我有一个看起来像这样的文件:
Breve, a writ; used more frequently in the plural brevia.
Brevia magistralia, official writs framed by the clerks in
chancery to meet new injuries, to which the old forms of action
were inapplicable. Sea Trespass on the case. Brevia testata,
short attested memoranda, originally introduced to obviate the
uncertainty arisina; from parol feoffments, hence modern con-
veyances have gradually arisen.
我想提取每行中第一个逗号(,)之前出现的单词
预期产出:
Breve
Brevia magistralia
chancery to meet new injuries
were inapplicable.
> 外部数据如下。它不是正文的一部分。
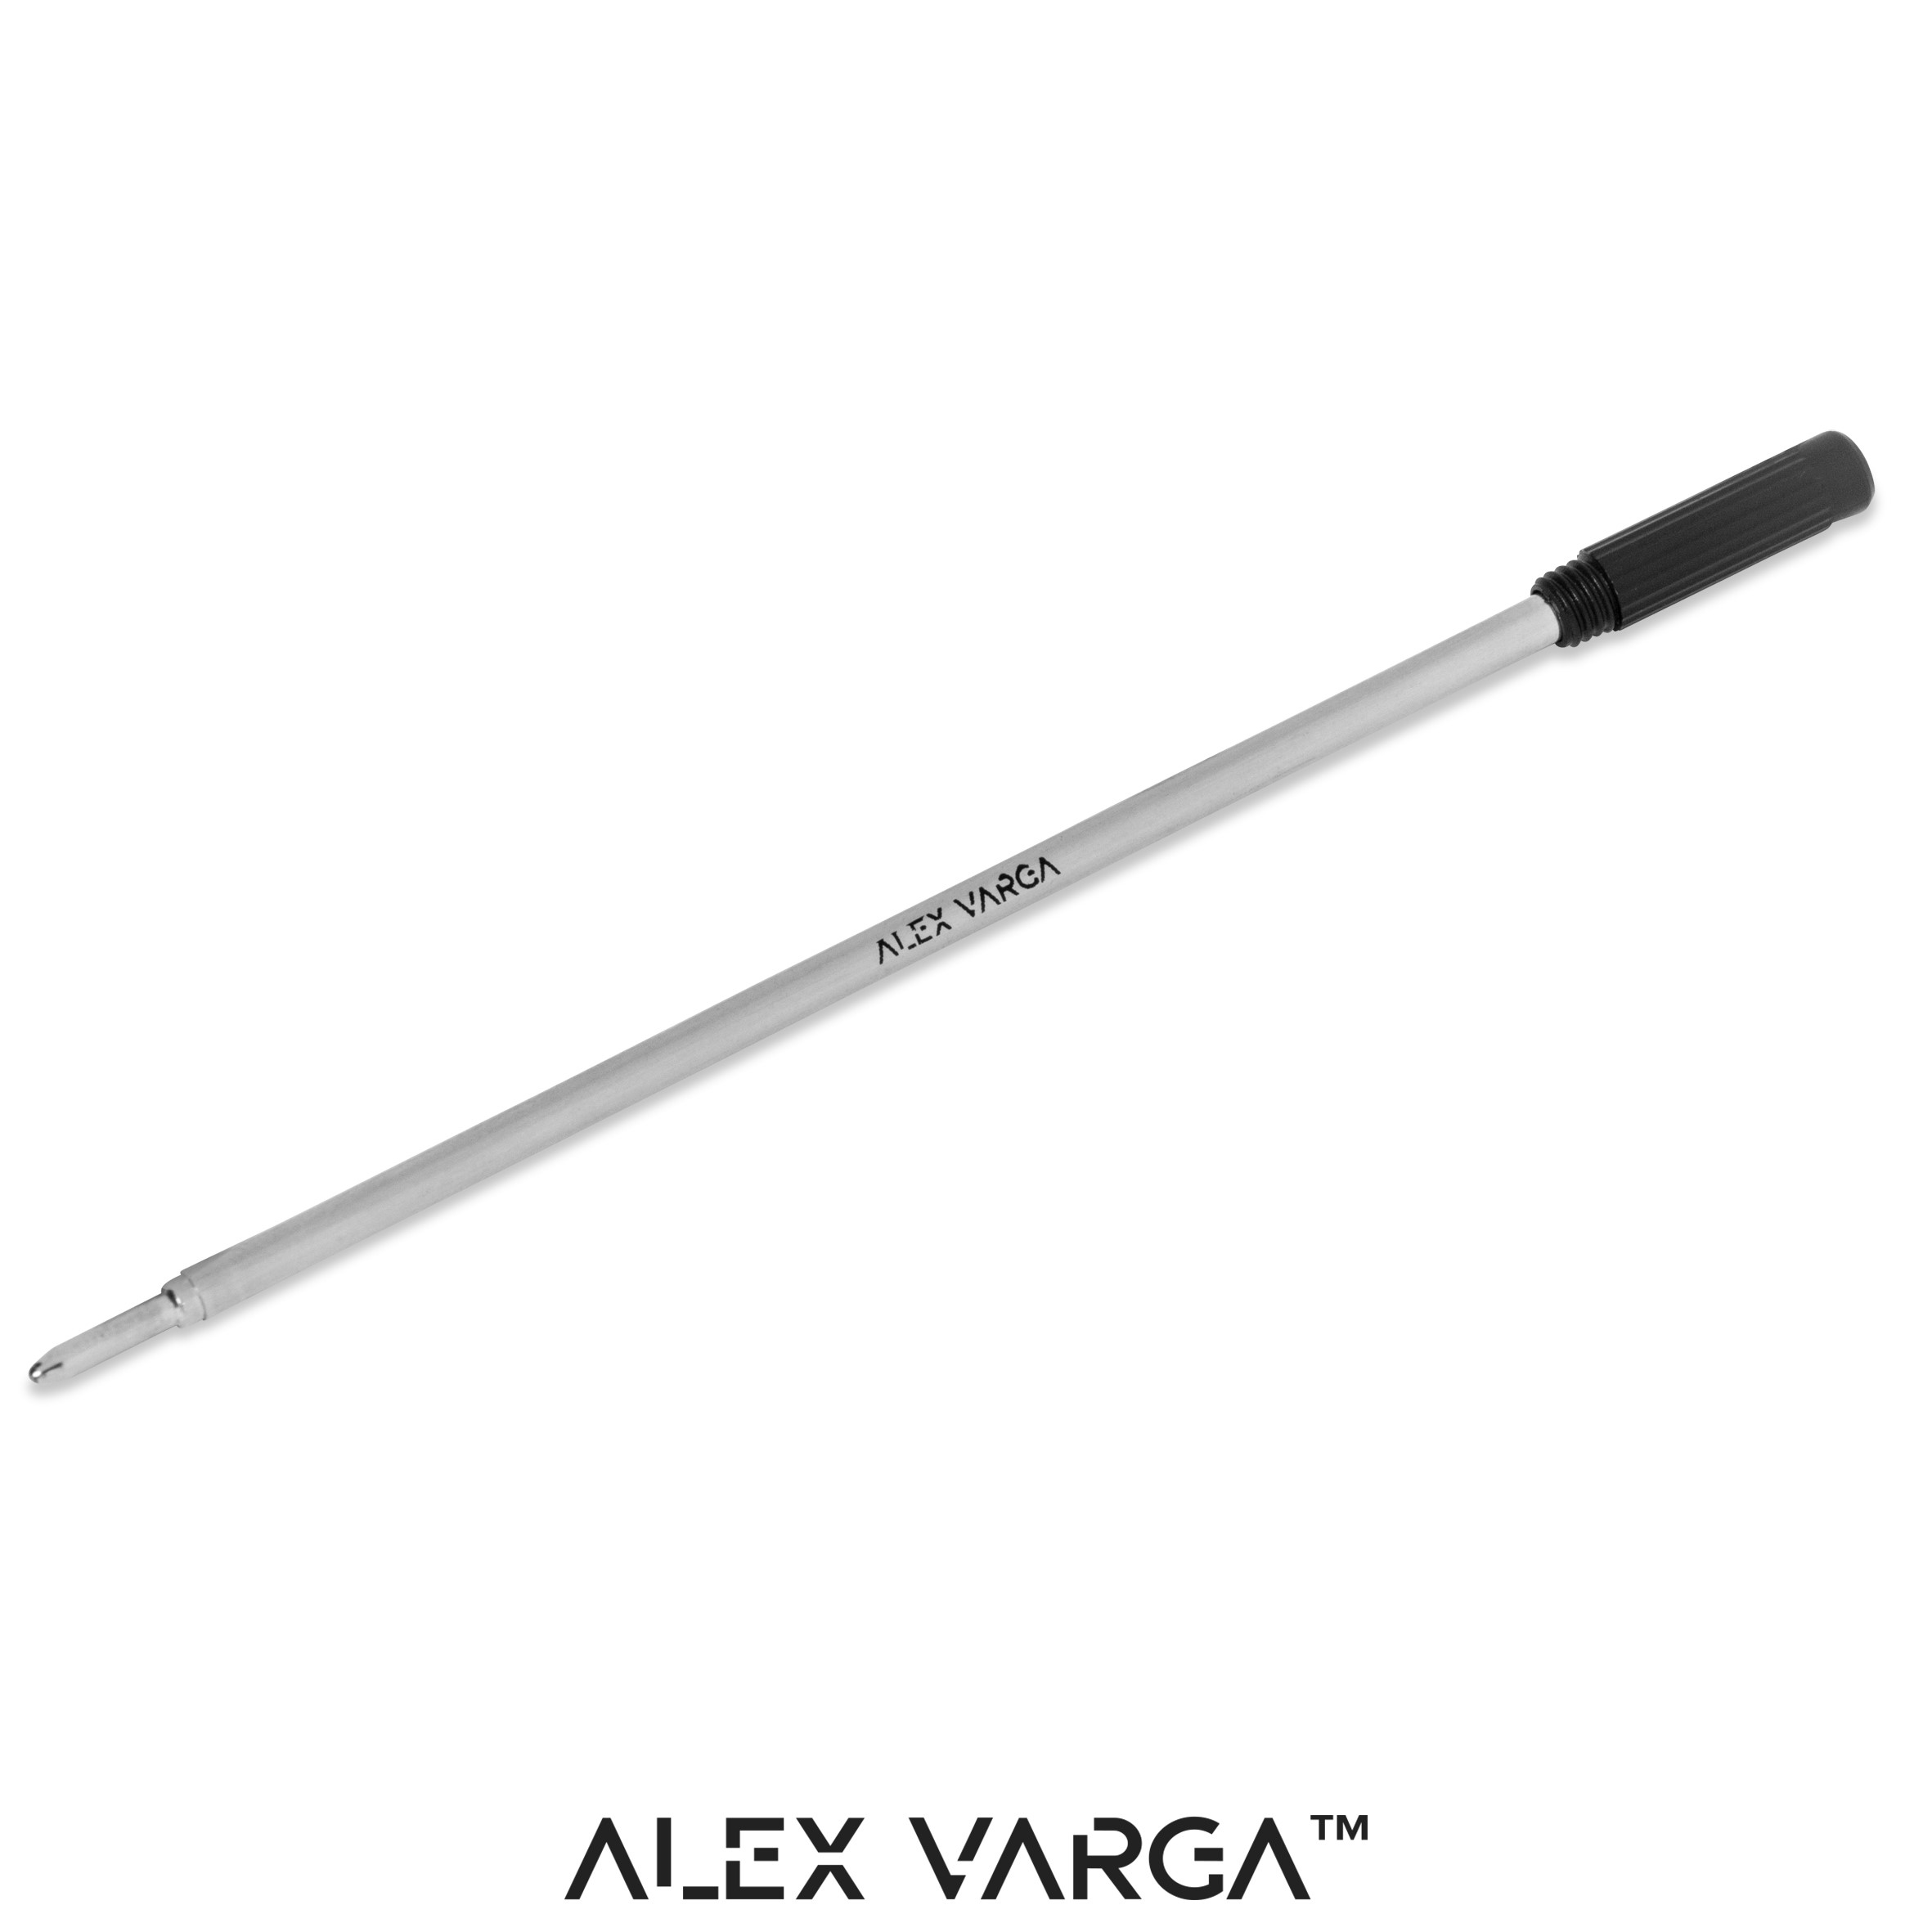 Alex Varga Slim Twist Ball Pen Refill

Sea Trespass on the case. Brevia testata
short attested memoranda
uncertainty arisina; from parol feoffments
我的代码:
with open('test.txt','r') as file:
for line in file:
print(line[0:line.find(',')])
输出:
Breve
感谢任何帮助
答案 0 :(得分:1)
为什么需要正则表达式? str.split
应该足够好了。
with open('test.txt','r') as file:
for line in file:
text = line.split(',', 1)[0] # add nsplits = 1 for efficiency
... # do something with text
但是,如果你真的需要正则表达式,你可以使用类似的东西:
for line in file:
m = re.match('[^,]+', line)
if m:
text = m.group(0)
[^,]+
匹配起点的任何内容,不是逗号(credits)。
答案 1 :(得分:1)
短re.findall()
解决方案:
import re
with open('test.txt', 'r') as f:
result = re.findall(r'^[^,]+(?=,)', f.read(), re.M) # extracting the needed words
print('\n'.join(result))
输出:
Breve
Brevia magistralia
chancery to meet new injuries
were inapplicable. Sea Trespass on the case. Brevia testata
short attested memoranda
uncertainty arisina; from parol feoffments
答案 2 :(得分:1)
你正好进行这项修改,
Breve
Brevia magistralia
chancery to meet new injuries
were inapplicable. Sea Trespass on the case. Brevia testata
short attested memoranda
uncertainty arisina; from parol feoffments
输出:
aa bb cc
dd ee ff
gg hh ii
ll mm nn
oo pp qq
答案 3 :(得分:1)
这是一个额外的答案,你可以使用re.search:
import re
with open('test.txt','r') as file:
for line in file:
# print(line)
result = re.search(r'^[^,]+(?=,)', line )
if result:
text = result.group(0)
print(text)
<强>输出:强>
Breve
Brevia magistralia
chancery to meet new injuries
were inapplicable. Sea Trespass on the case. Brevia testata
short attested memoranda
uncertainty arisina; from parol feoffments
答案 4 :(得分:0)
我测试了你的代码,但根据你的问题得到了正确的输出
输出:
Breve
Brevia magistralia
chancery to meet new injuries
were inapplicable. Sea Trespass on the case. Brevia testata
short attested memoranda
uncertainty arisina; from parol feoffments
veyances have gradually arisen.
因此请确保您的输入文件本身正确
可能你的测试文件没有新行,即整个文本只写为一行。所以只打印第一个单词,然后找到一个逗号,所以不再单词被打印出来。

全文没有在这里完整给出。